On Thursday morning, the Bureau of Land Management approved this year’s operational plan, meaning the massive multi-day event will begin later this month. King of the Hammers is set to run from Jan. 28 through Feb. 6, with operational support from local, state and federal agencies, including the San Bernardino County Sheriff’s Department, the Bureau of Land Management and the California Highway Patrol. (The agencies will be reimbursed for their services, as is typical with this kind of large-scale event.)

In a statement, King of the Hammers founder Dave Cole said they had “worked hard to ensure that we can continue to operate in a safe and responsible manner and have gone above and beyond some of the current standard guidelines. ... We don’t take this lightly and know that an entire ecosystem of people and businesses are relying on the motor sport and aftermarket automotive equipment industry to stay healthy.”

Despite state guidance “strongly” discouraging travelers from coming to California for nonessential purposes, racers, pit crews and fans from across the country will converge in Southern California, where the coronavirus is particularly rampant, before returning to their respective home states.
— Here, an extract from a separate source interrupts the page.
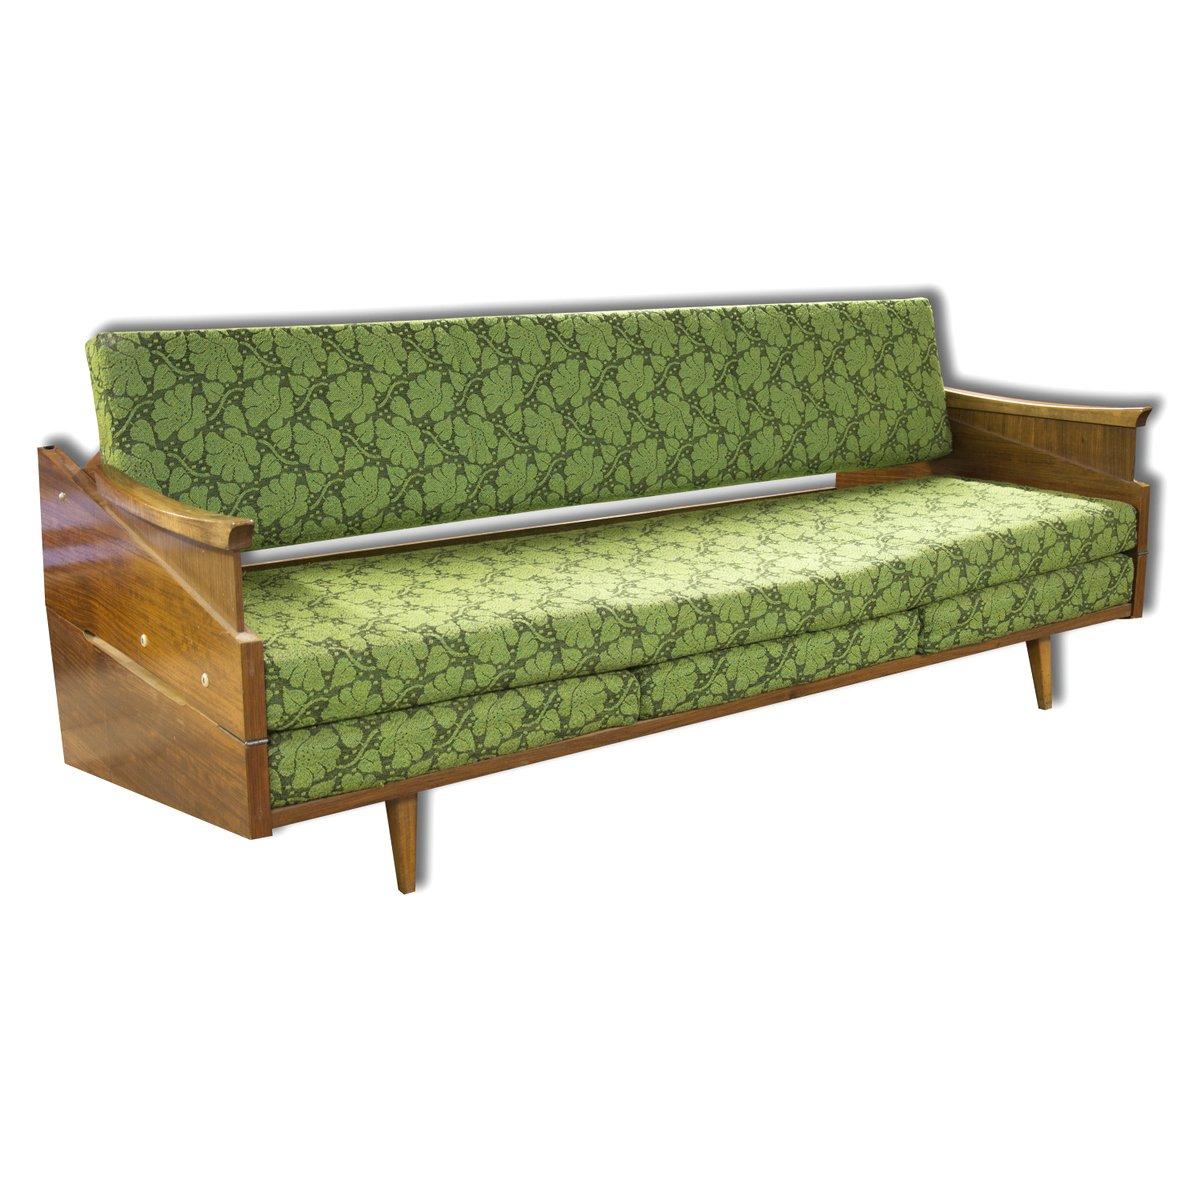 Vintage Czech Sofa Bed 1960s 6 Price 923 00 Regular 1 163
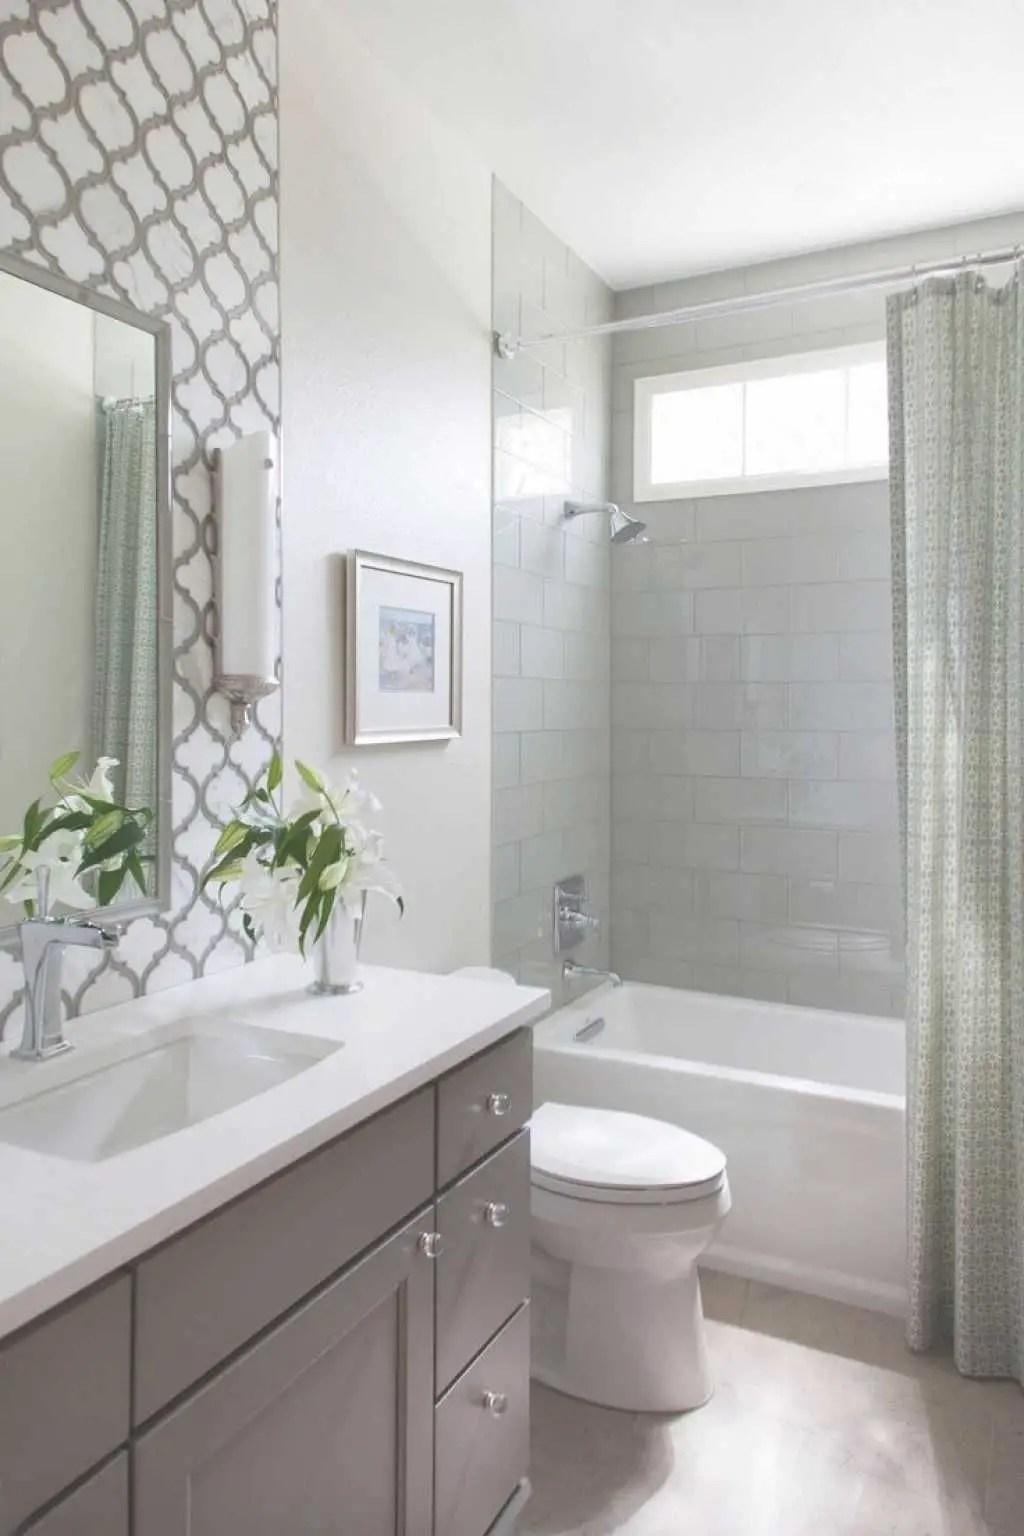 10 Ideas About Tub Shower Combo On | Bathroom Tub Regarding Small Bathroom Tub Shower Combo Remodeling Ideas

It’s still unclear exactly how many people will be gathering in Johnson Valley in two weeks. The Bureau of Land Management was not able to answer repeated queries regarding this year’s expected King of the Hammers attendance numbers, despite having signed off on an operational plan for the event on Thursday morning.

Alan Johnson, the vice president of marketing and communications for Ultra4 Racing, the sanctioning body behind the event, said it was anticipating “considerably fewer people than in past years,” when around 50,000 spectators attended. Johnson said that as of Thursday evening, just under 1,500 spectator tickets had already been pre-sold, and 482 drivers were registered. Those numbers do not include the legions of vendors, staffers, sponsors, media members, volunteers and pit crew members who help put on the event. The average pit crew is about four people per car, according to Johnson. If every driver brings a pit crew, that would account for roughly 1,920 more attendees.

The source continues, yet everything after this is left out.